I am installing a 600kW 4 pole 3300V squirrel cage induction motor direct-on-line started from a 11000V board via a 1000kVA 11000V/3300V step down transformer. The motor will drive a fan. The question is will the fan accelerate to full speed?

That totally depends upon the fan. As a general rule however, you need a transformer kVA to be LEAST 2 x kW, and in this case it is not. It may still work however, if that fan is the only load on the transformer. it will essentially become something like an autotransformer starter. The overload on the transformer will cause a severe voltage drop on the load side, which will reduce the torque, and thus the current draw, which will act to mitigate the voltage drop as the motor comes up to speed. There is a significant risk of overloading the motor doing it this way however. It will also likely create a significant voltage drop on the 11kV side as well, which may not be acceptable.

That same rough rule also states that with reduced voltage starting, you can often get away with the transformer kVA being 1.1 times the motor kW, so that may be a better solution for you. An electronic soft starter would be a good choice because it is infinitely adjustable as to current and torque settings to match your fan requirements, plus they tend to come with advanced motor protection as well.

Hello sixtus

In effect, by using a transformer that is rated relatively close to the motor rating, you are adding an impedance
in series with the motor. During DOL start, this impedance is going to have quite an influence on the start current and as a result will reduce the start torque of the motor. If the reduction tis too much, there will be insufficient torque to start the fan.

If we assume that i) the LRC of the motor is 600%, and ii) the impedance of the transformer is 4.7%, and iii) there is no significant drop on the 11000 side, then at start, the effective impedance of the motor is 16% of its run impedance.
At run, the motor will have a KVA loading in the order of 700KVA, so the effective impedance of the transformer at that loading will be in the order of 3.3% and the impedance of the motor will be 96.7%
At start, the impedance of the motor will fall to around 16%, so the effective impedance of the motor becomes around 16.1%
The voltage drop in the transformer will be in the order of 3.3/(16.1+3.3) = 17%
I would expect that at a voltage drop of 17% (83% voltage applied to the motor, 69% full voltage torque) the torque would probably be high enough to get the fan to full speed provided that the motor has a reasonable amount of start torque and the fan is well damped during start.

If you have the speed torque and speed current curves of the motor, and the speed torque curve of the motor, it is relatively easy to determine whether the fan will start. Without the curves, there is a lot of guess work and the answer can become meaningless.

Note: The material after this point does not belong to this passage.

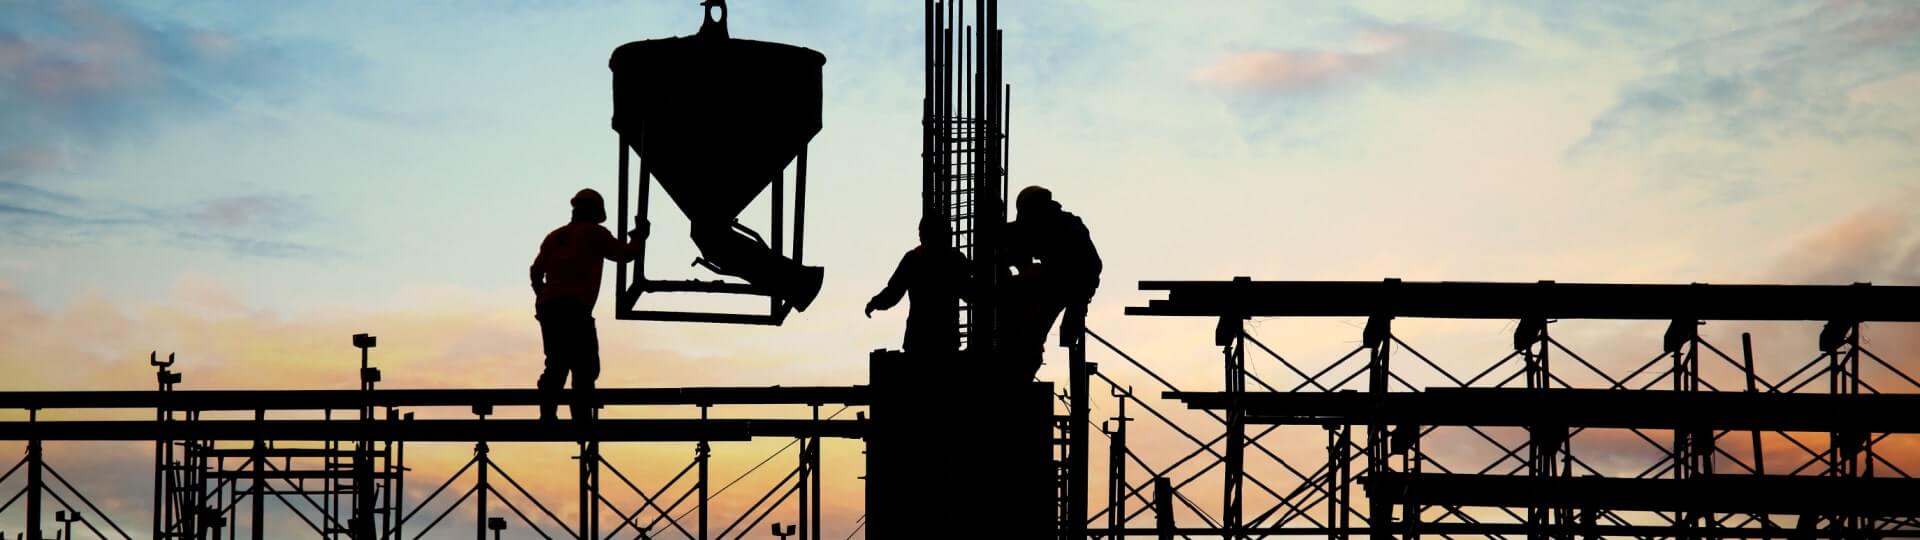 Stavební produkce v loňském roce vzrostla o 1,9 procenta

Fans typically can take quite some time to start and you may have protection issues with the transforme due to the high overload during start.

Best regards,

Hi Mark or anyone else,

I'm rehashing an old post here but could you please explain this derivation from your last post?

"At start, the impedance of the motor will fall to around 16%, so the effective impedance of the motor becomes around 16.1%"

Should it read:

"At start, the impedance of the motor will fall to around 16.6667% (1/600%), so the effective impedance of the motor becomes around 16.1% (16.66667*96.7%)"

I think this is just a matter of rounding but I've been trying to figure this out for a while and the above seems to make sense.

The lead on questions are then:
1) how do you account for a loaded transformer, i.e., what happens here if the TX was 50% loaded. I guess the motor starting % change is the same but the total voltage drop from nominal needs to be considered too.
2) if the cable has significant length how does this get incorporated to find the v drop at the motor terminals. I suspect we need to normalise to some base somehow.....

Thanks.